By default, the crawler will not execute JavaScript. You can enable JavaScript rendering using the executeJavaScript method.
use Spatie\Crawler\Crawler;
Crawler::create('https://example.com')
->executeJavaScript()
->start();
When called without arguments, the crawler will use BrowsershotRenderer which requires spatie/browsershot to be installed. If Browsershot is not installed, an exception will be thrown.
##Configuring Browsershot
To customize Browsershot, pass a configured instance to BrowsershotRenderer:
use Spatie\Browsershot\Browsershot;
use Spatie\Crawler\Crawler;
use Spatie\Crawler\JavaScriptRenderers\BrowsershotRenderer;
$browsershot = (new Browsershot())
->noSandbox()
->waitUntilNetworkIdle();
Crawler::create('https://example.com')
->executeJavaScript(new BrowsershotRenderer($browsershot))
->start();
##Using Cloudflare Browser Rendering
The CloudflareRenderer uses a Cloudflare Browser Rendering endpoint to render JavaScript. It sends a POST request with the URL and expects a JSON response containing a content field with the rendered HTML.
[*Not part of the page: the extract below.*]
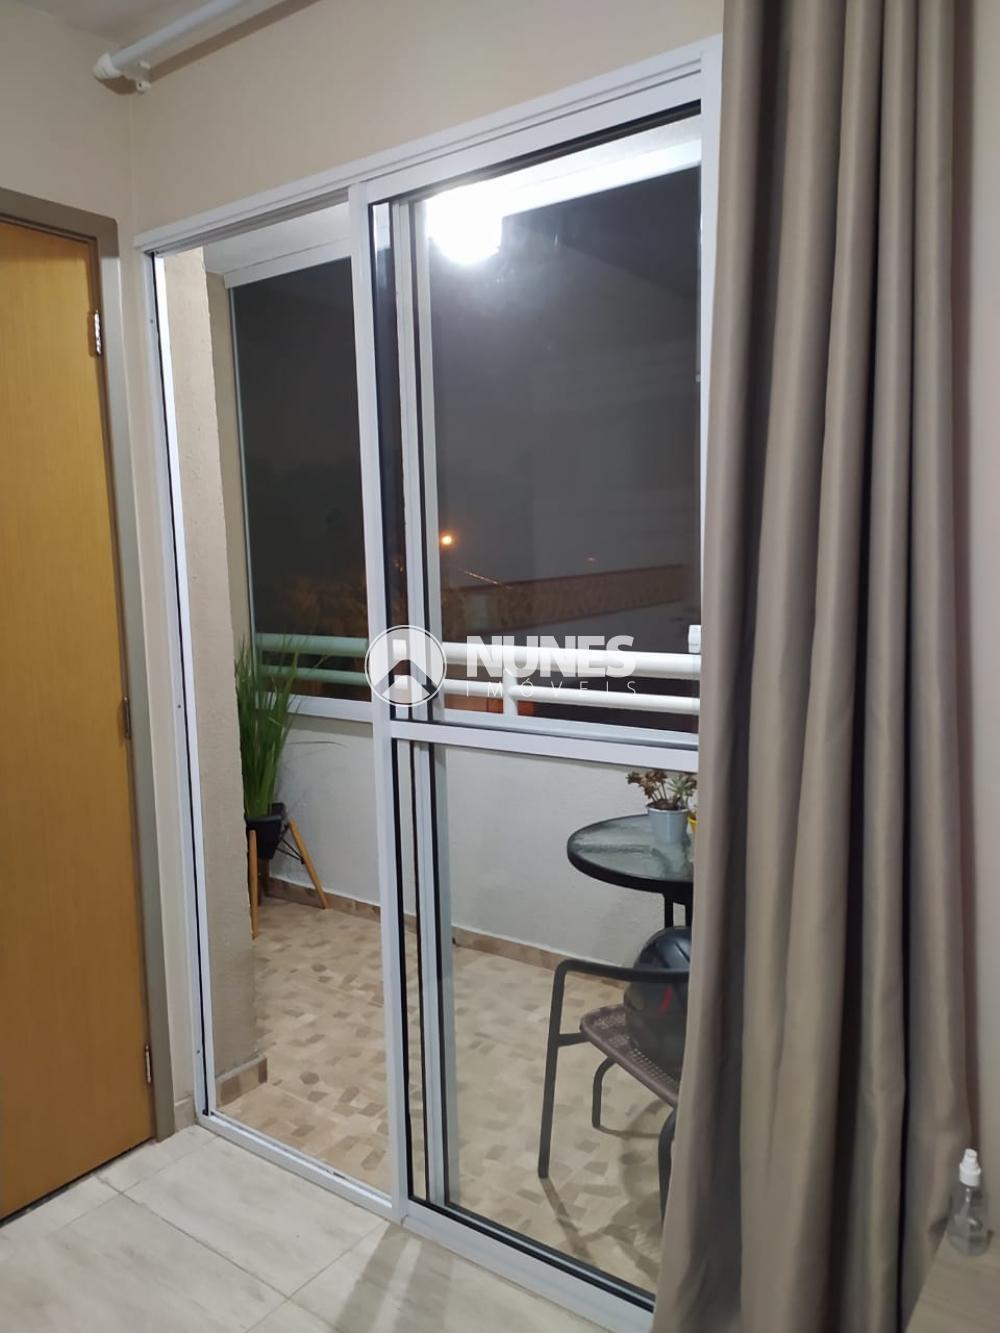 Comprar Apartamento / Padrão em Cotia R$ 220.000,00 - Foto 36

use Spatie\Crawler\Crawler;
use Spatie\Crawler\JavaScriptRenderers\CloudflareRenderer;
Crawler::create('https://example.com')
->executeJavaScript(new CloudflareRenderer('https://your-worker.your-domain.workers.dev/render'))
->start();
You can also pass a custom Guzzle client to the renderer:
use GuzzleHttp\Client;
use Spatie\Crawler\JavaScriptRenderers\CloudflareRenderer;
$renderer = new CloudflareRenderer(
'https://your-worker.your-domain.workers.dev/render',
new Client(['timeout' => 30]),
);
##Custom renderers
You can create your own JavaScript renderer by implementing the JavaScriptRenderer interface:
use Spatie\Crawler\JavaScriptRenderers\JavaScriptRenderer;
class MyRenderer implements JavaScriptRenderer
{
public function getRenderedHtml(string $url): string
{
}
}
Then pass it to the crawler:
use Spatie\Crawler\Crawler;
Crawler::create('https://example.com')
->executeJavaScript(new MyRenderer())
->start();
##Disabling JavaScript execution
If you've enabled JavaScript rendering but want to disable it later in a chain:
use Spatie\Crawler\Crawler;
$crawler = Crawler::create('https://example.com')
->executeJavaScript();
$crawler->doNotExecuteJavaScript();